Information shown.
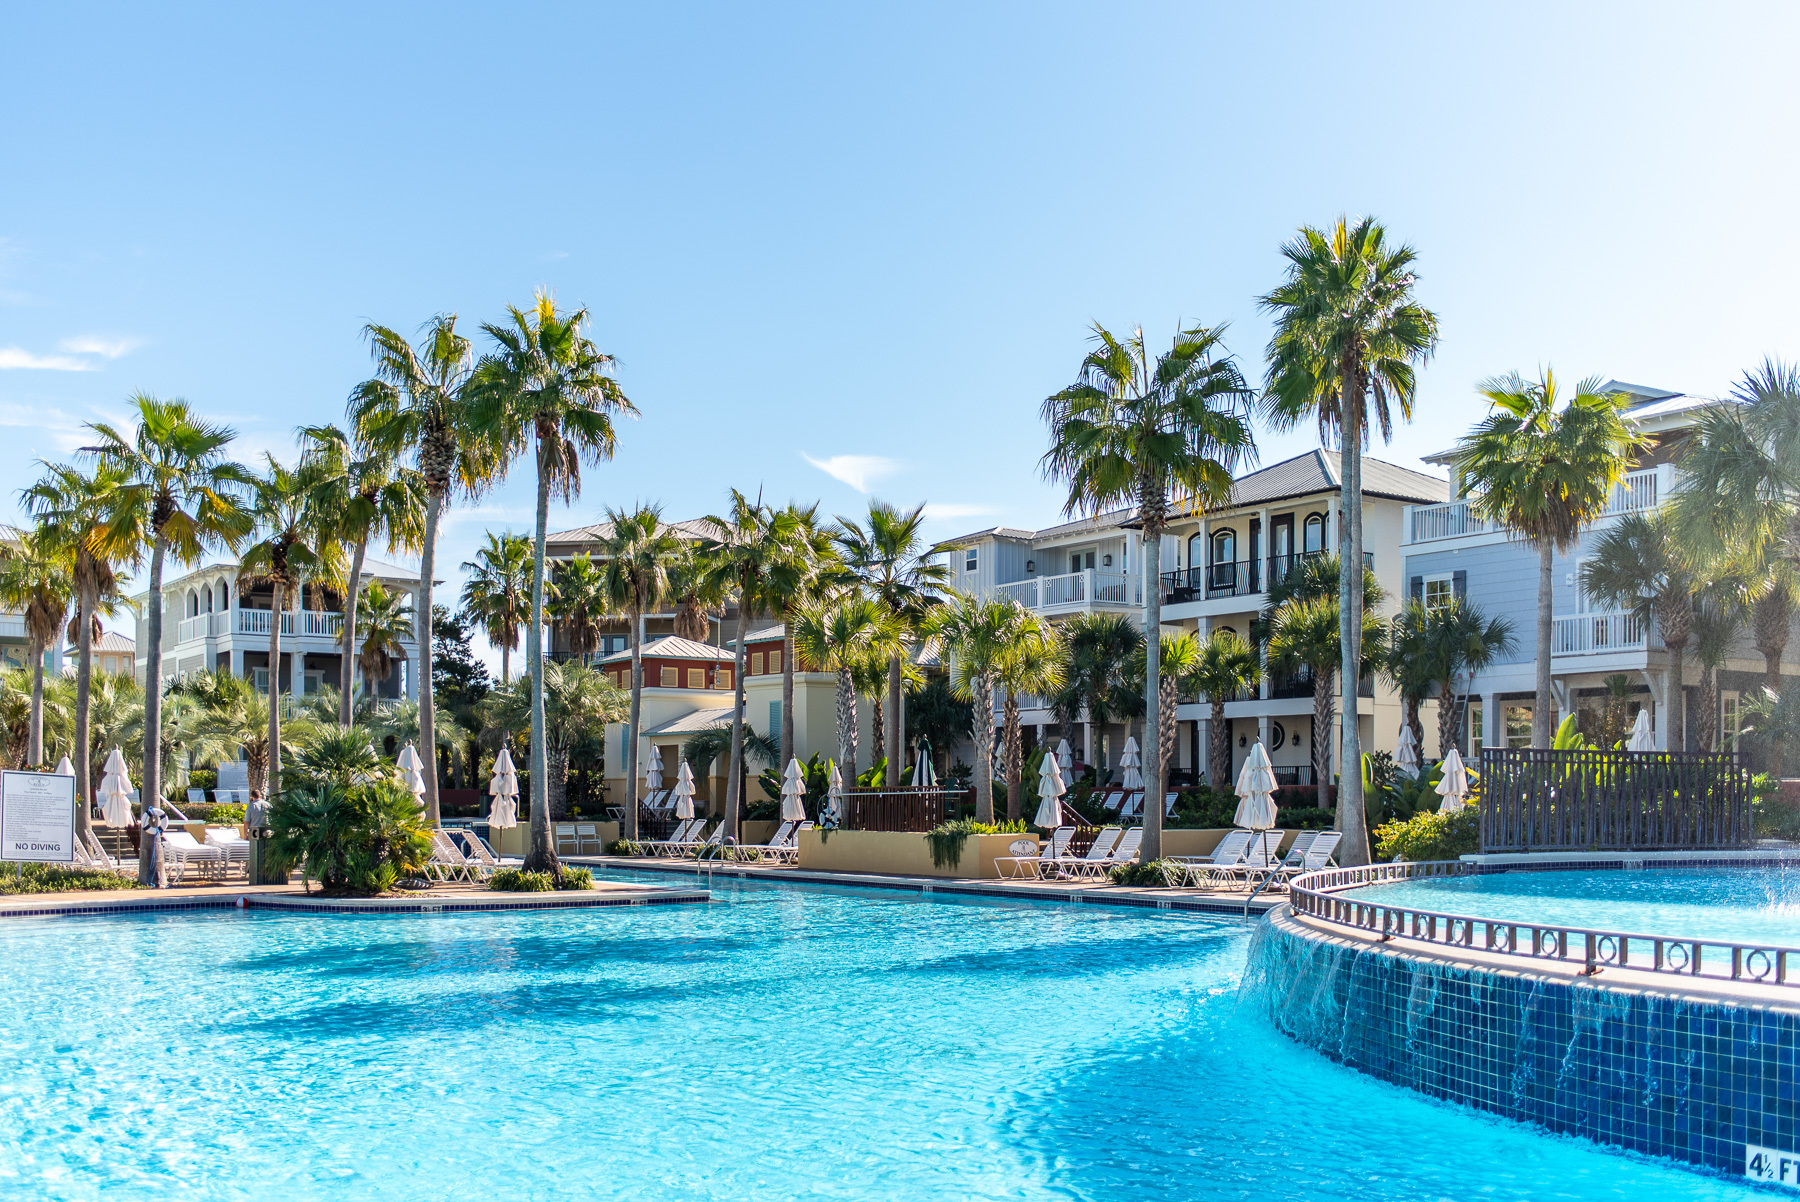 Seacrest Beach's beautiful 12,000sf pool surrounded by palm trees
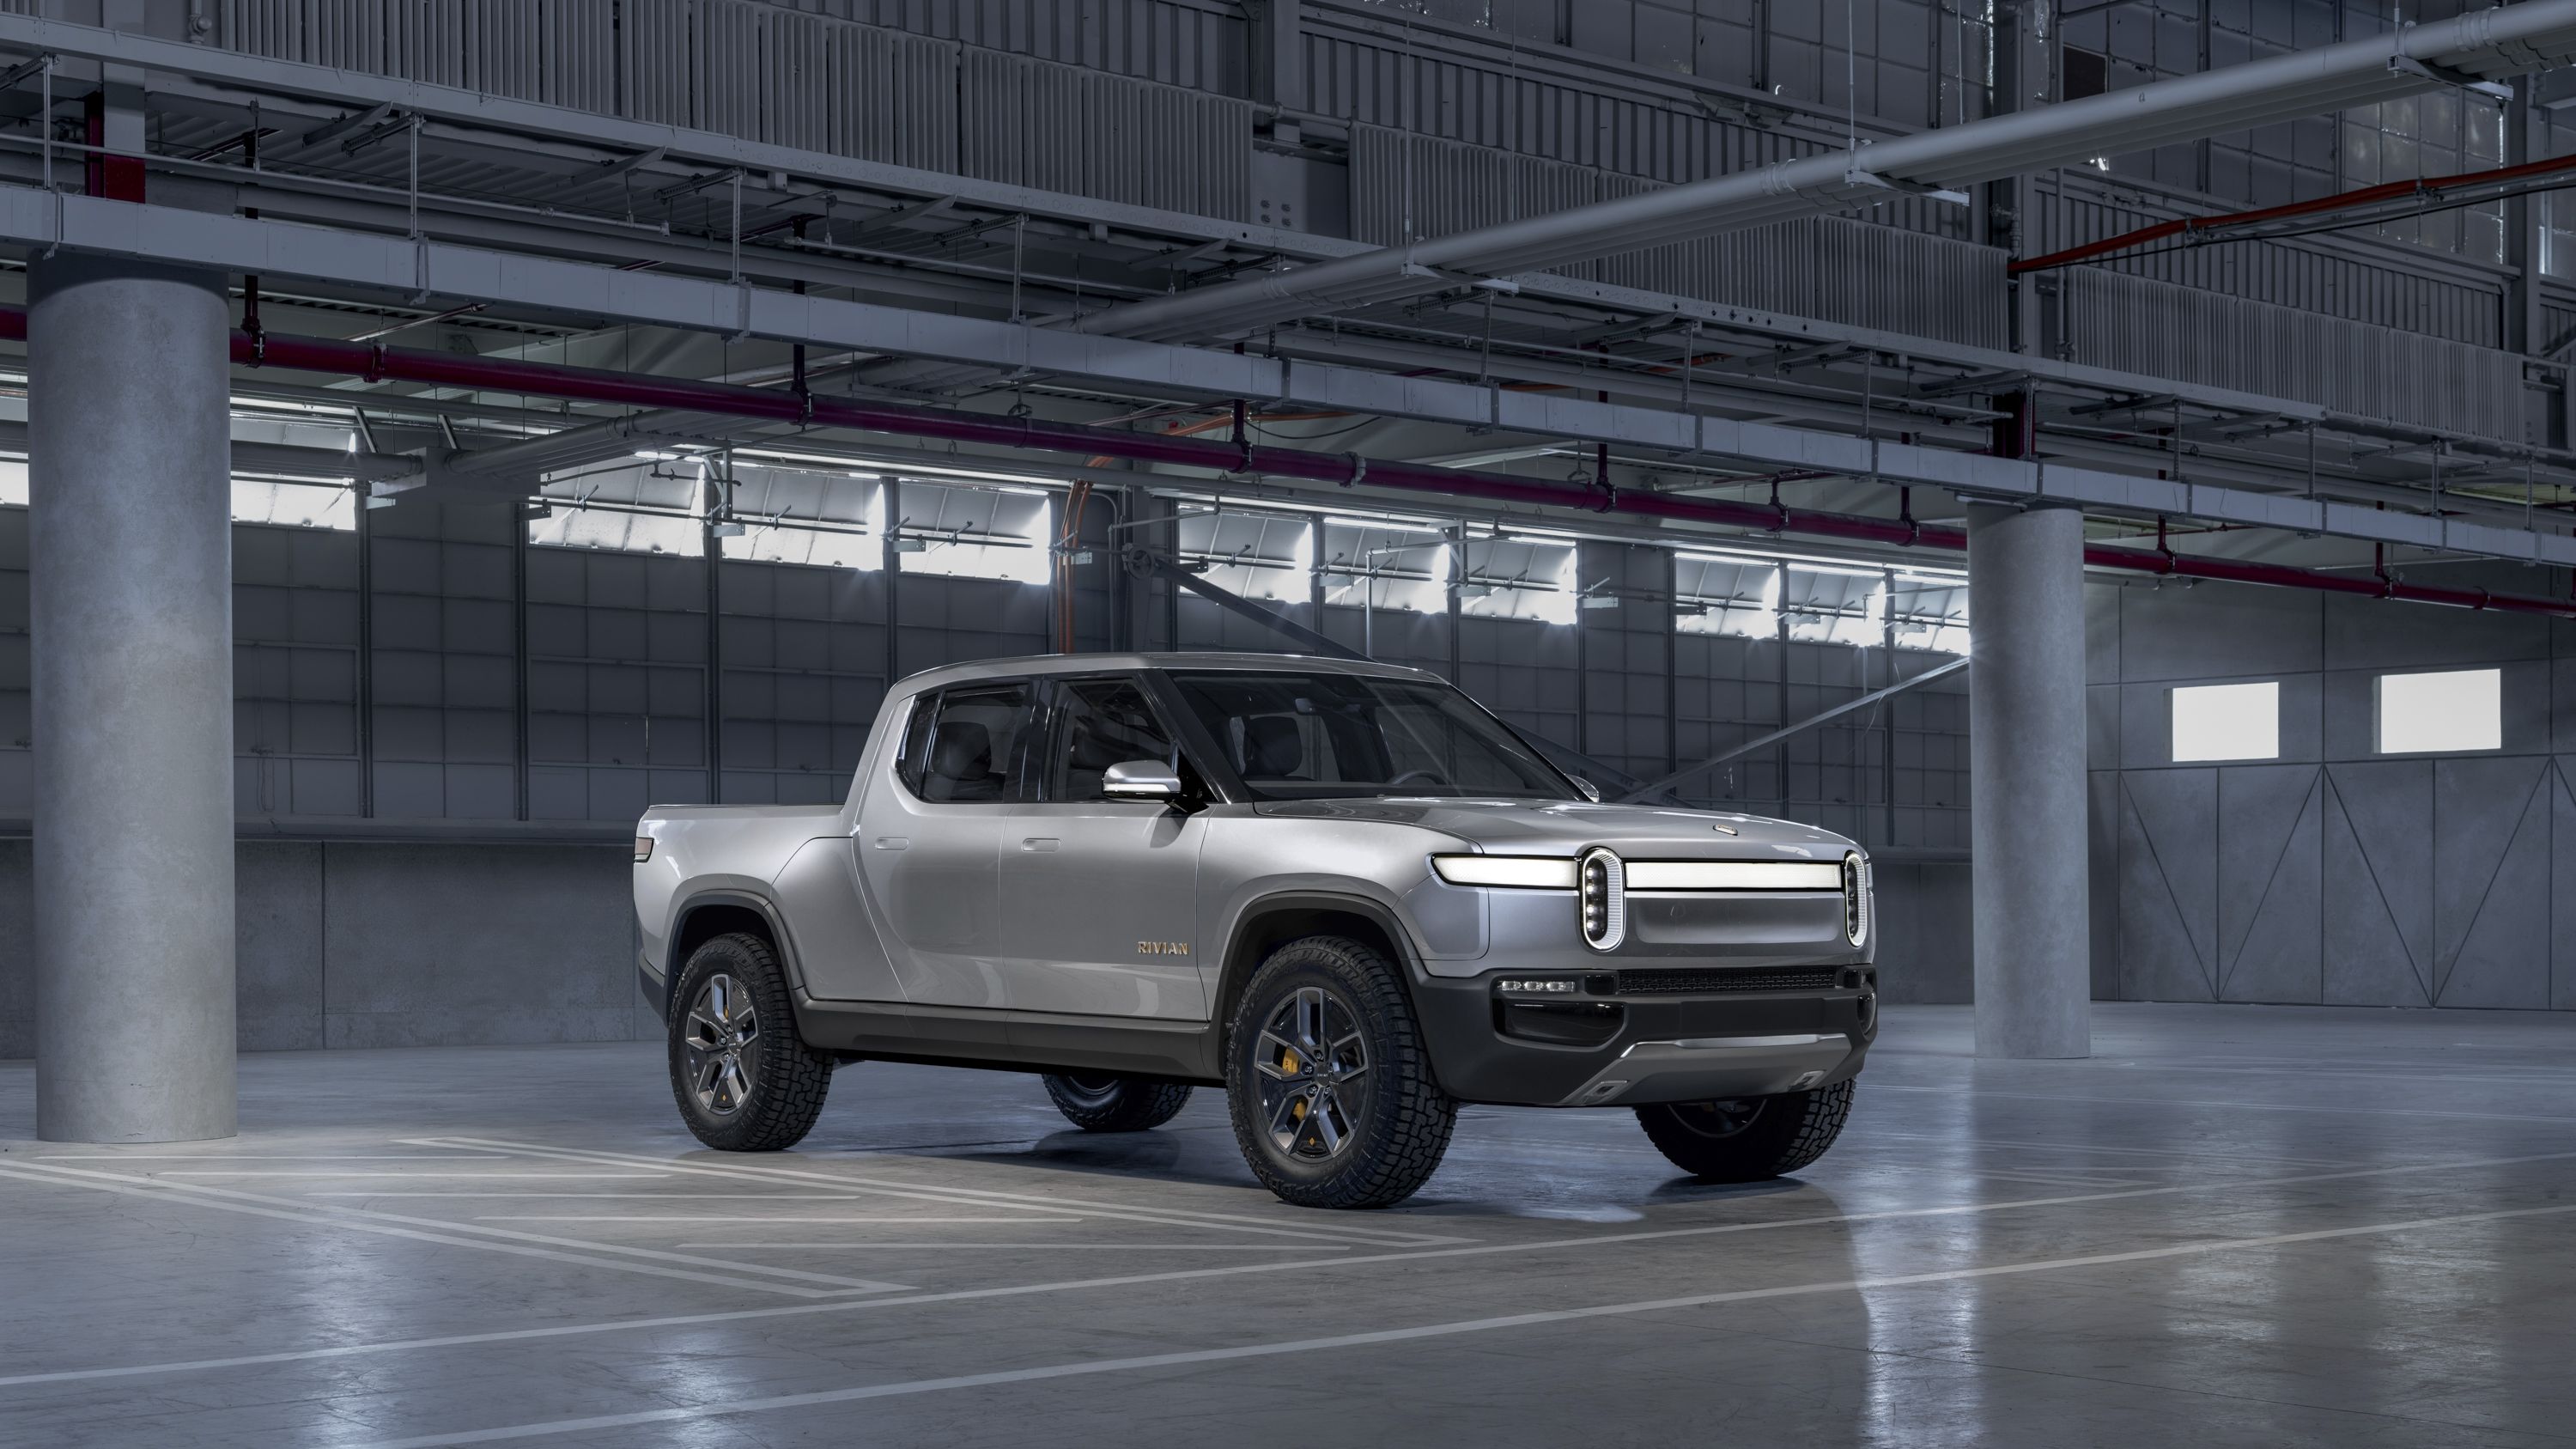 2020 Rivian R1T parked
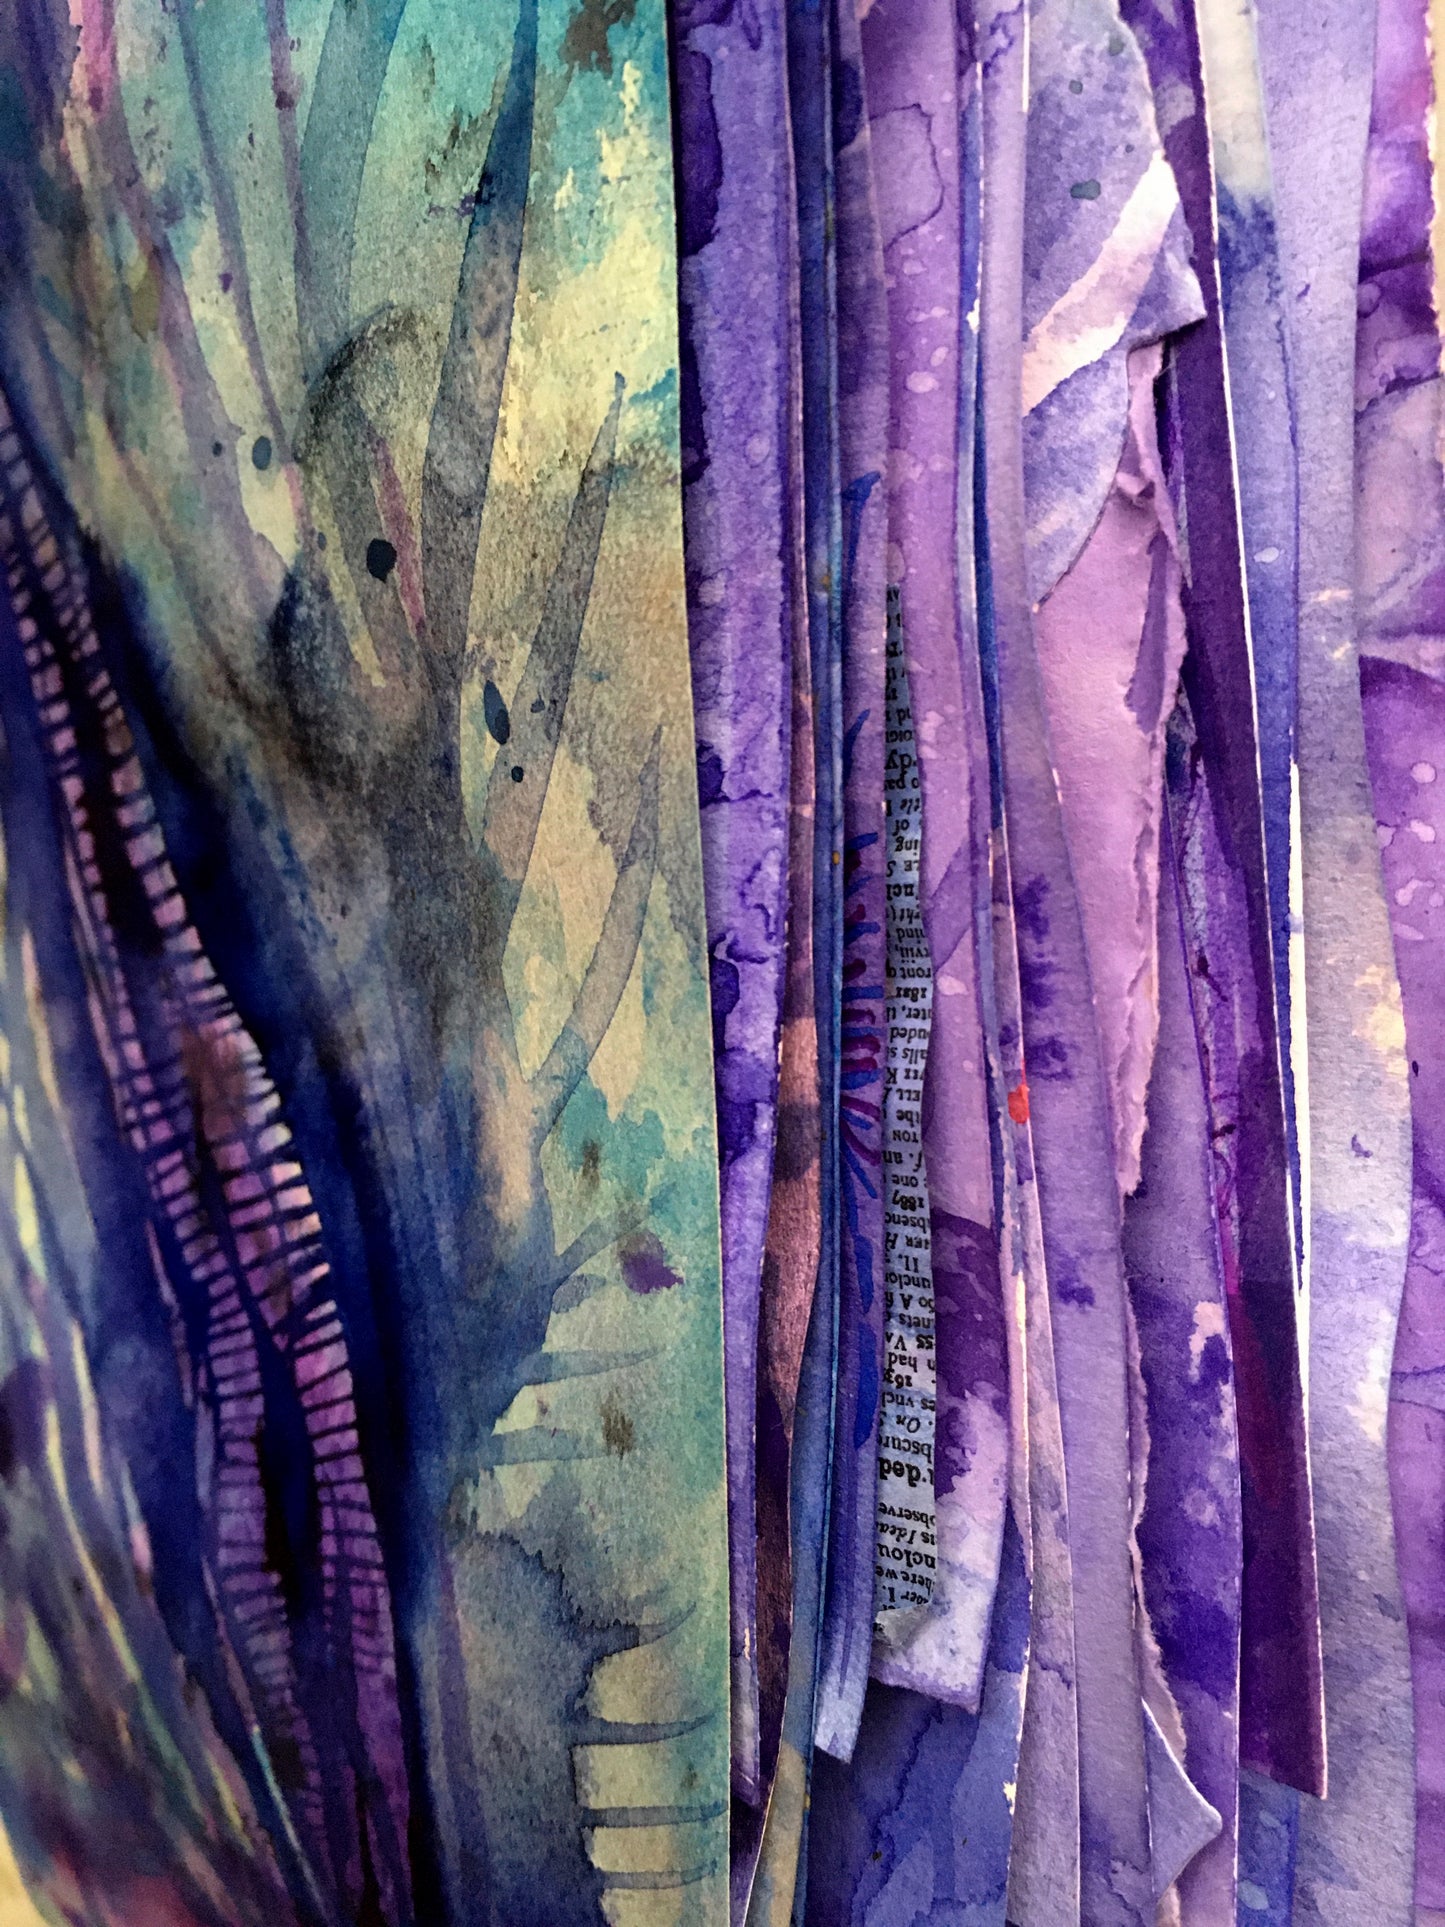 Painted Paper Bundles for Mixed Media Collage | "Midnight Moonlight" |

Required work.
Images are to be skipped, and each line above is to be returned exactly.

Finished task.
 Seacrest Beach's beautiful 12,000sf pool surrounded by palm trees
 2020 Rivian R1T parked
 Painted Paper Bundles for Mixed Media Collage | "Midnight Moonlight" |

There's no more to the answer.